I could go on, but here’s the thing. For all it ridiculousness – from the villain’s Bond-like lair to the film’s over-the-top musical numbers (one begins with the lyrics “I’m trapped in a jungle safari” and is sung by Johnny in a circular make-shift wooden cage a la King Kong) - the film works. It presents a realistic scenario of someone being coerced back into the criminal world, and it becomes quite suspenseful as we watch two concurrent storylines – one involving Johnny and his blackmailers, the other a friendly detective who suspects there is more to Johnny’s sudden return to crime than meets the eye. A critical scene in a bank is masterfully shot, and the film’s finale, while including some of the more ludicrous elements of martial arts finales, pulses with vitality and urgency. The acting is hit-and-miss, but as Johnny, David Chiang is excellent, fully conveying the emotions of a bad man trying not to revert back to what is likely his more natural nature, and Tina Chin-Fei is terrific as Ho Man, the temptress with the supposedly hard heart.

Unforgivably, the film’s biggest fault is its inability to fully convey Johnny’s connection with Lily. This is a couple that has been separated for two years, and life has been incredibly unkind to Lily since their break-up. Their reunion should be emotional; there should be anger and confusion, tears accompanied by looks that pierce the soul and reveal the depths of longing in them. Instead, we get silent stares, soft hugs, and the repetition of their love’s name. It’s not enough. In fact, there’s more emotion in Ho Man’s face when she realizes she has lost Johnny than there is during Johnny and Lily’s long-awaited reunion.

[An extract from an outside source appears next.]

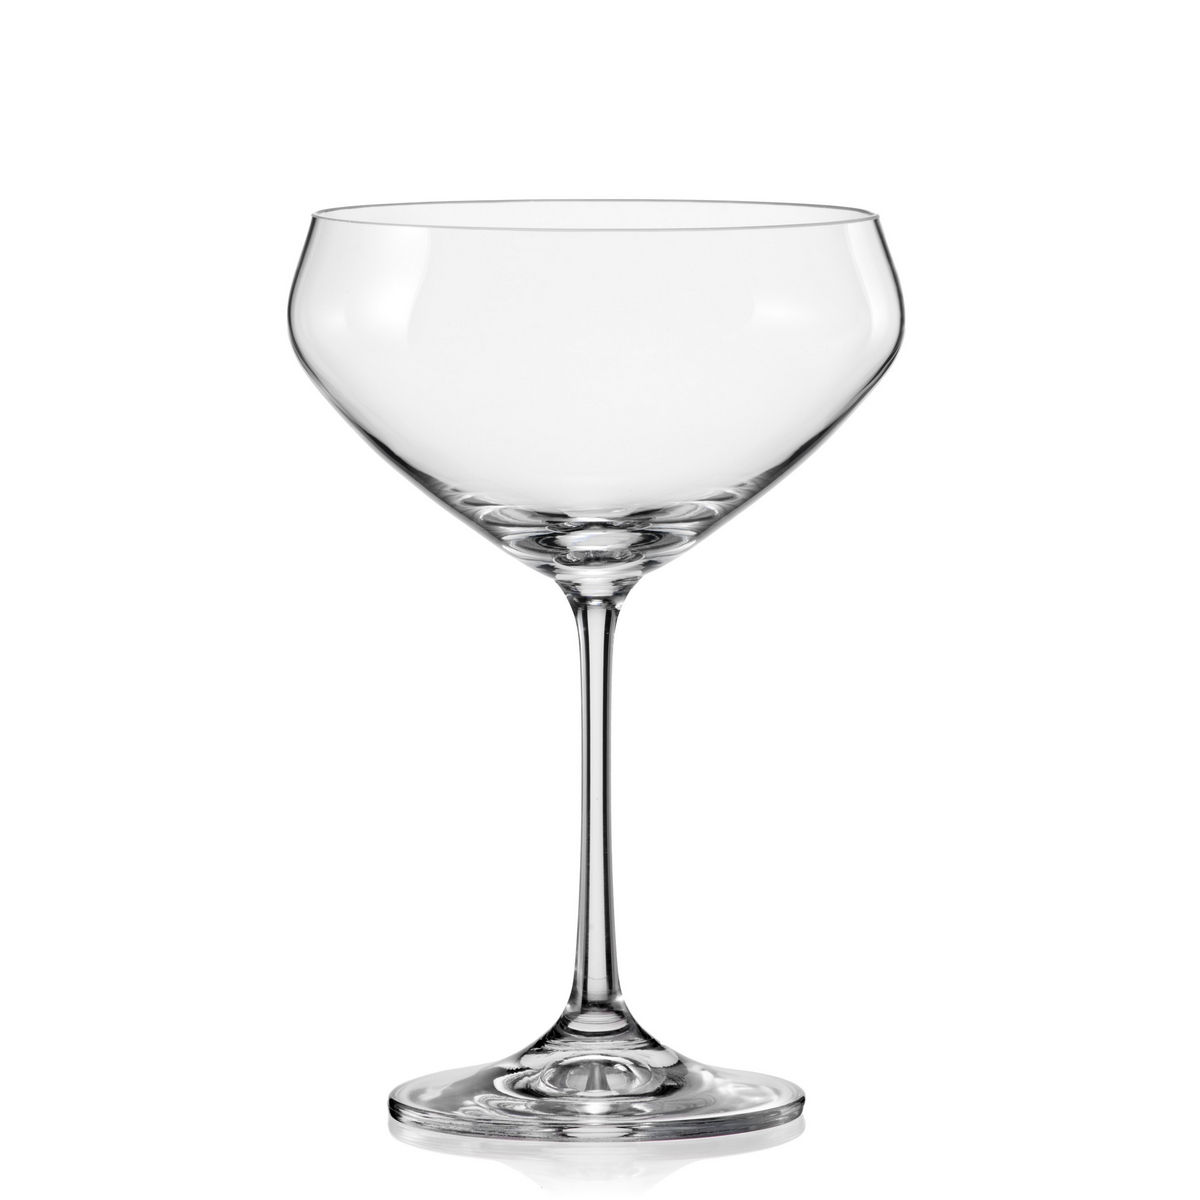 BAR Set 4 pahare cristalin martini/inghetata 340 ml
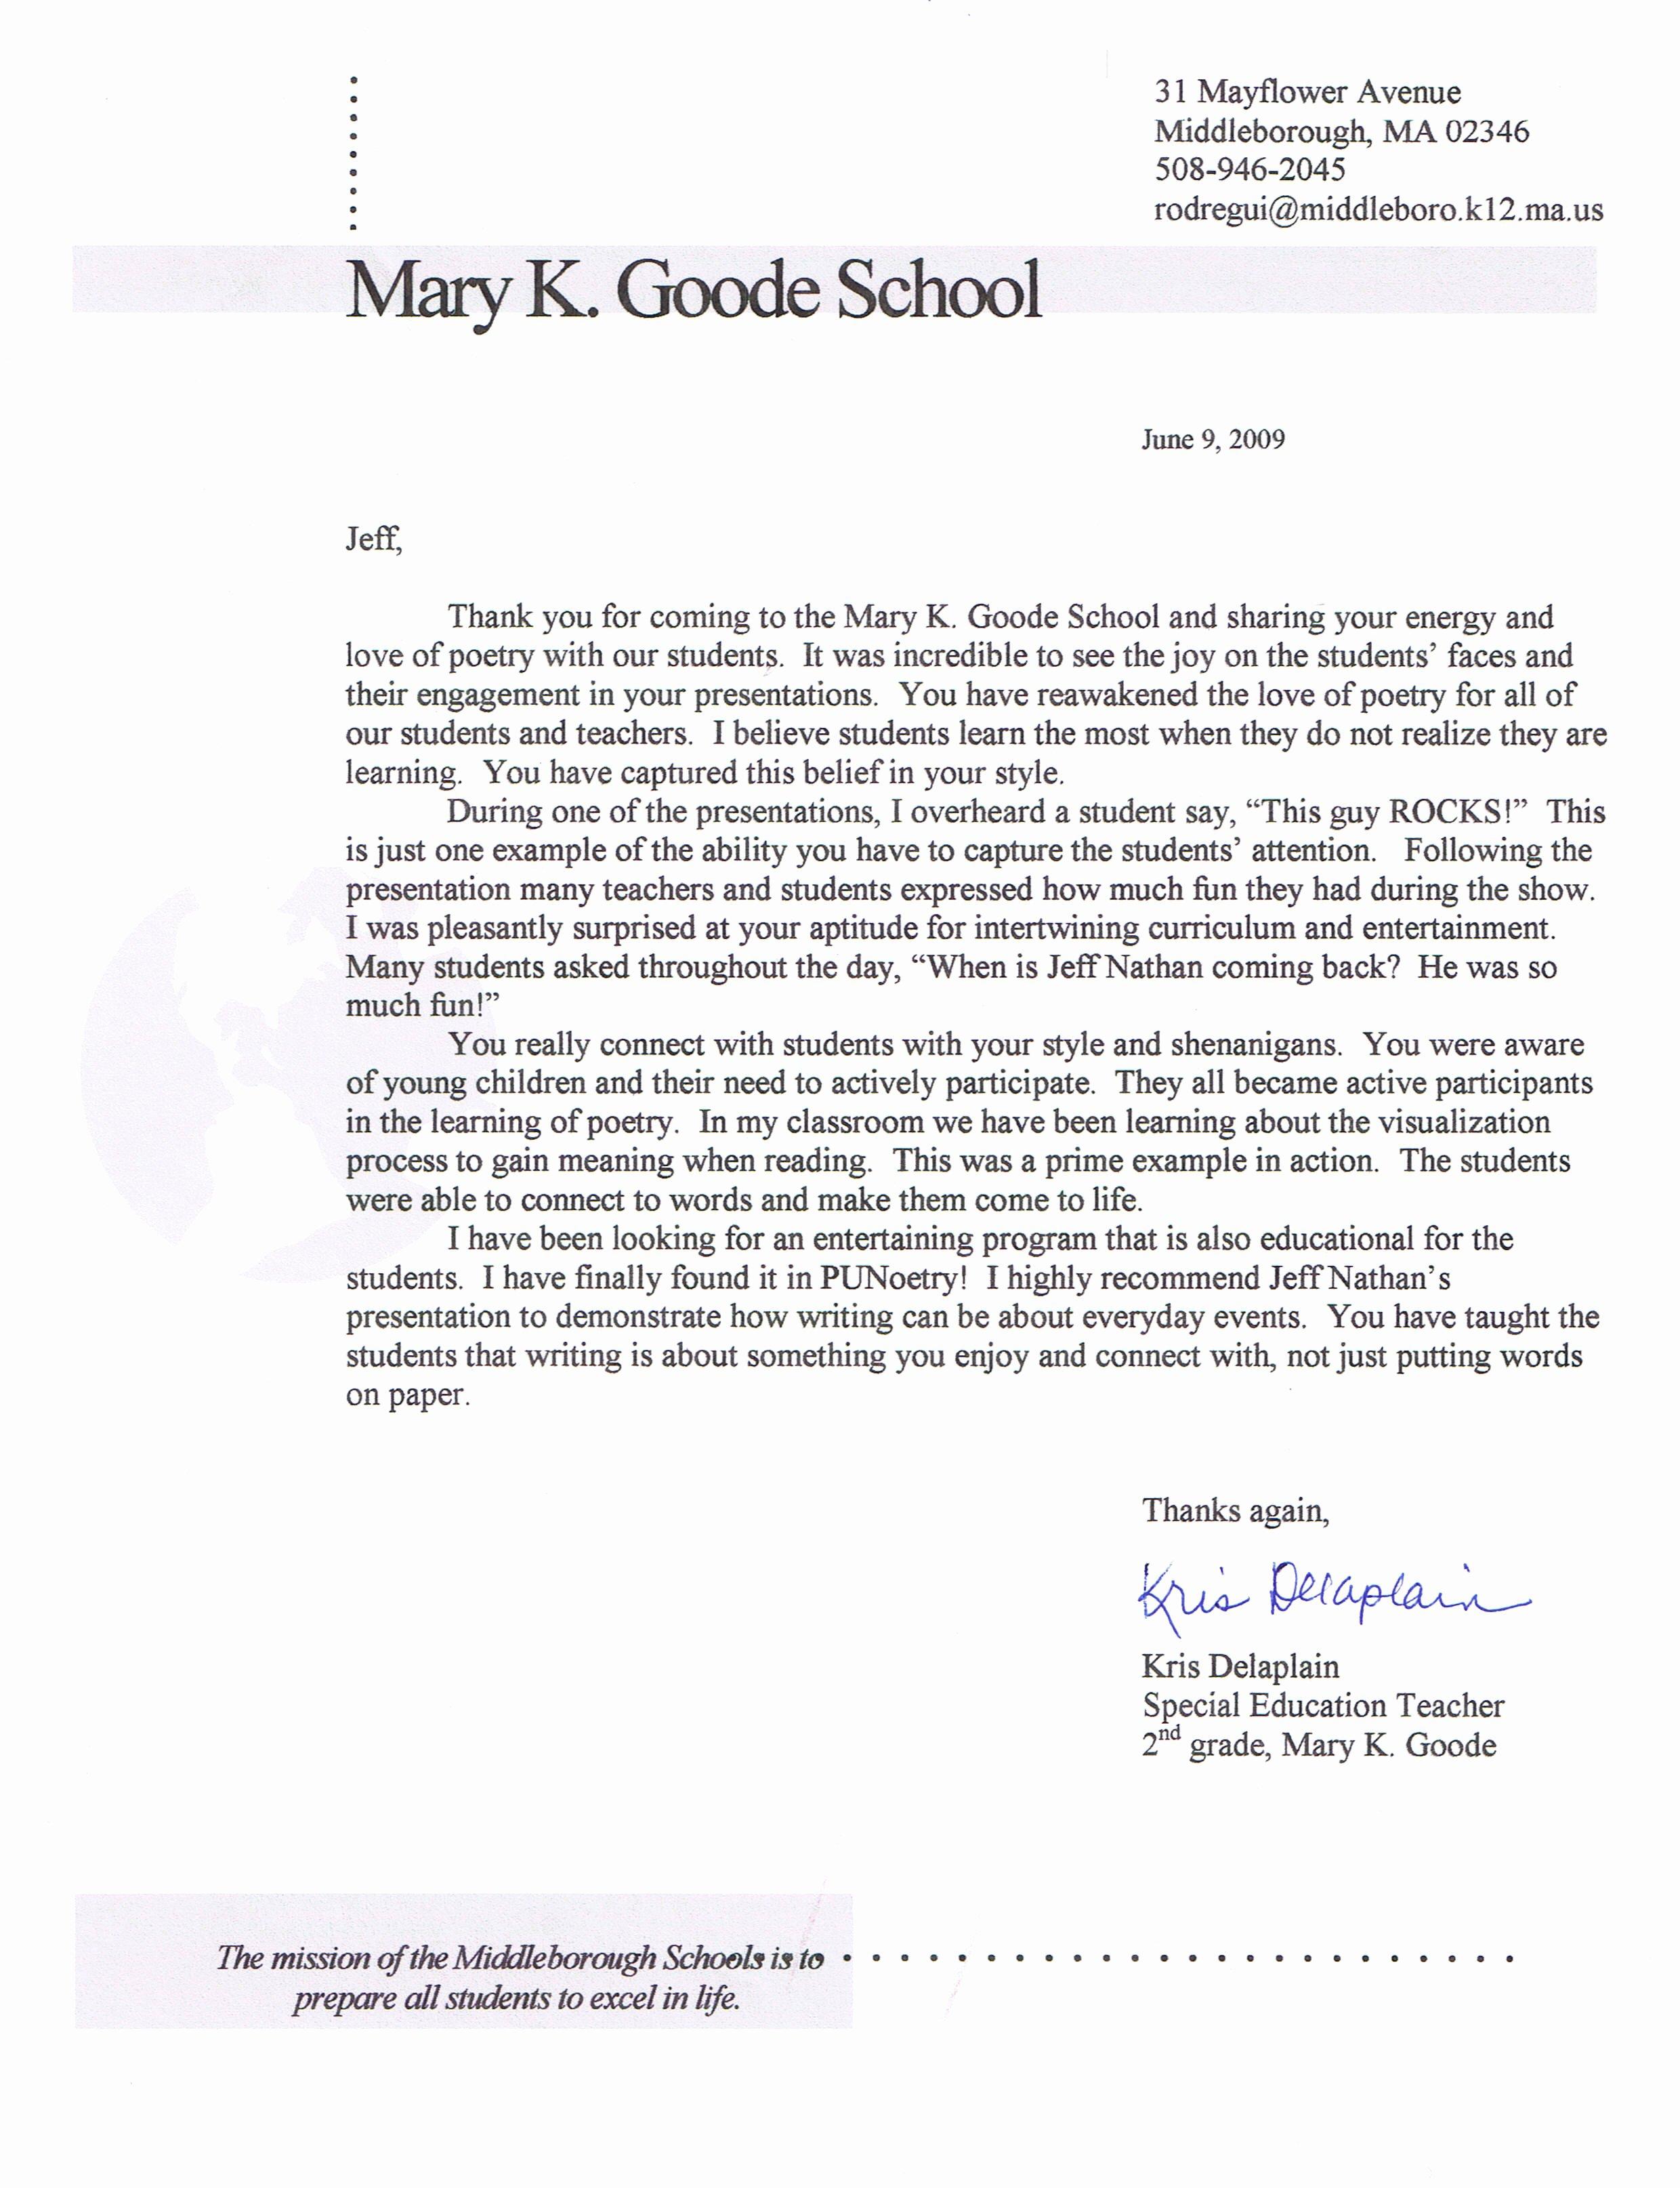 Student Recommendation Letter From Teacher Elegant Student Re Mendation Letter From Teacher

Still, the film succeeds more often than not. It opens with a bang, rises in suspense, and ends with a crowd-pleasing rendition of the standard one-man-vs.-an-army motif. Sure, it’s corny at times and its musical numbers will likely remind some viewers of the Austin Powers movies, but it also draws you in and makes you root for the good guys to come out of top. Interestingly, in one scene, Lily tells Johnny, “You are the hero. Don’t use the gun.” So, what does he do in the next scene? Yep, he grabs a machine gun and begins mowing down the bad guys. It’s not his most heroic moment, but remember, he is the singing killer. (on DVD in Region 3)

3 stars

*The Singing Killer is in Mandarin with English subtitles.